Die wichtigste Maßnahme ist Bewegung – so früh und so regelmäßig wie möglich. Schon kleine Aktivitäten helfen, den Muskelabbau zu bremsen. Nach längerer Bettruhe oder Operationen kann Physiotherapie unterstützen, die Muskulatur wieder zu kräftigen. Dabei werden gezielt Übungen ausgewählt, die auf die betroffenen Körperbereiche abgestimmt sind. Auch im höheren Alter lohnt sich gezieltes Training, um die Muskulatur zu erhalten.
Wenn eine Erkrankung der Auslöser ist, richtet sich die Behandlung nach der jeweiligen Diagnose. Bei manchen neurologischen Erkrankungen gibt es spezielle Medikamente oder Therapien, die das Fortschreiten bremsen können. Eine ausgewogene Ernährung mit ausreichend Eiweiß ist ebenfalls wichtig, damit der Körper genug Baumaterial für den Muskelaufbau bekommt.
Manchmal braucht es Geduld, denn der Wiederaufbau der Muskulatur dauert meist länger als der Abbau. Entscheidend ist, dranzubleiben und sich nicht entmutigen zu lassen – auch kleine Fortschritte sind wertvoll.
Wann sollte ärztlicher Rat eingeholt werden?
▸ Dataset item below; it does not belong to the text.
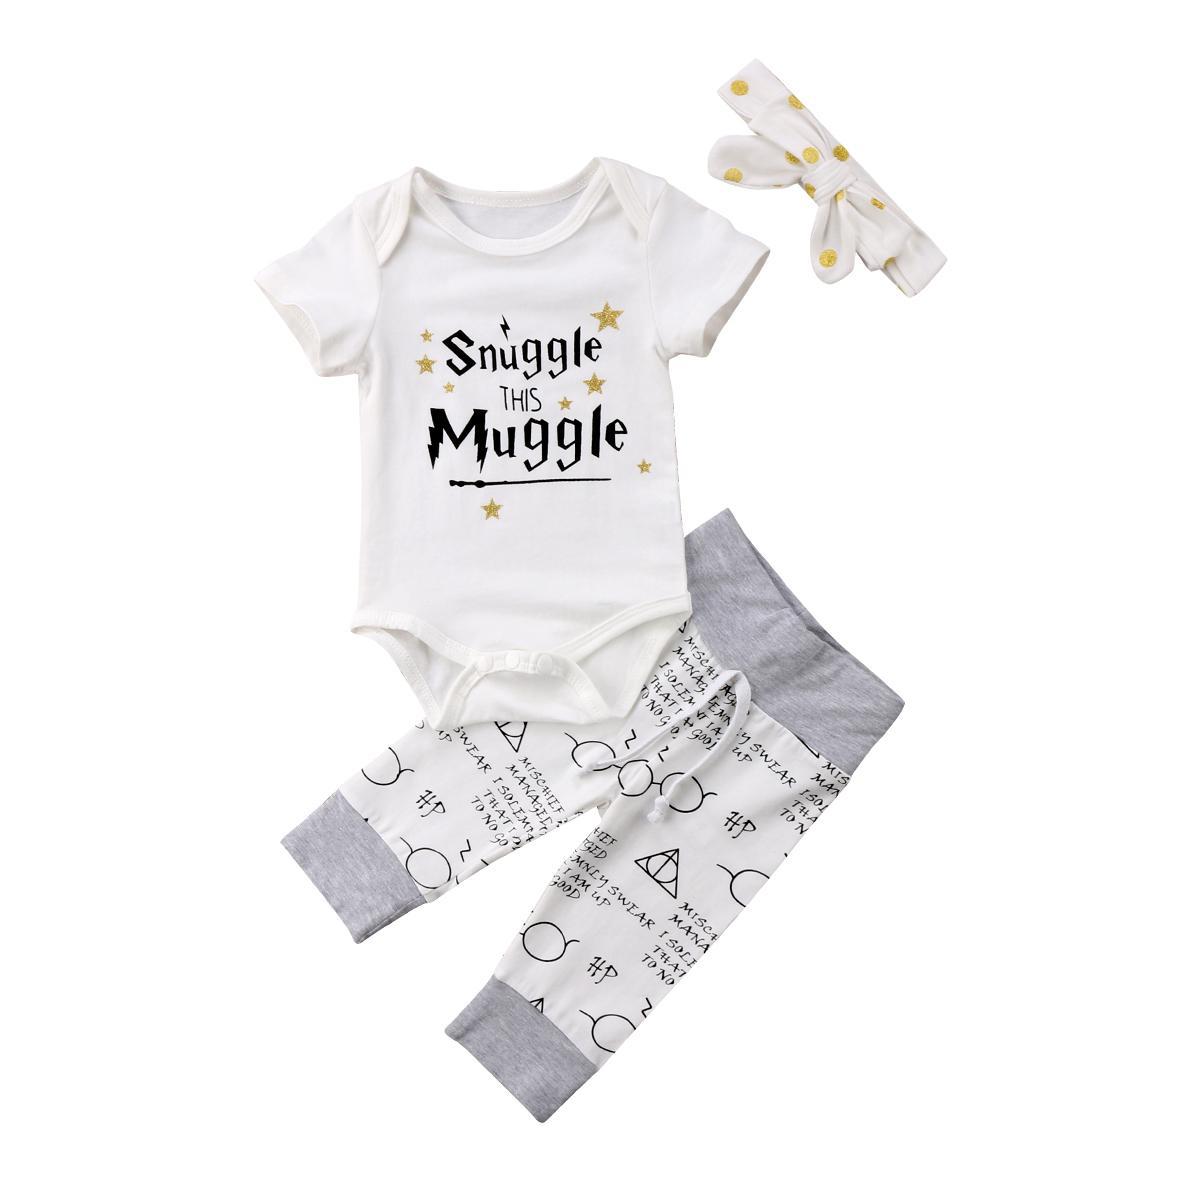 Bebê recém-nascido Crianças Meninos Meninas Cotton Romper Tops + calças compridas 2pcs Roupas de bebê Outfits Set

Wer bemerkt, dass die Muskeln ohne erkennbaren Grund schwächer werden oder sich sichtbar zurückbilden, sollte das ärztlich abklären lassen. Besonders wenn zusätzliche Symptome wie Taubheitsgefühle, starke Schmerzen oder Koordinationsprobleme auftreten, ist eine genaue Untersuchung wichtig. So lässt sich herausfinden, ob eine behandlungsbedürftige Erkrankung dahintersteckt.
In vielen Fällen lässt sich Muskelatrophie aufhalten oder sogar rückgängig machen – vorausgesetzt, die Ursache wird erkannt und gezielt behandelt. Ein aktiver Lebensstil, angepasste Bewegung und eine gute Begleitung durch Fachleute sind dabei die wichtigsten Bausteine.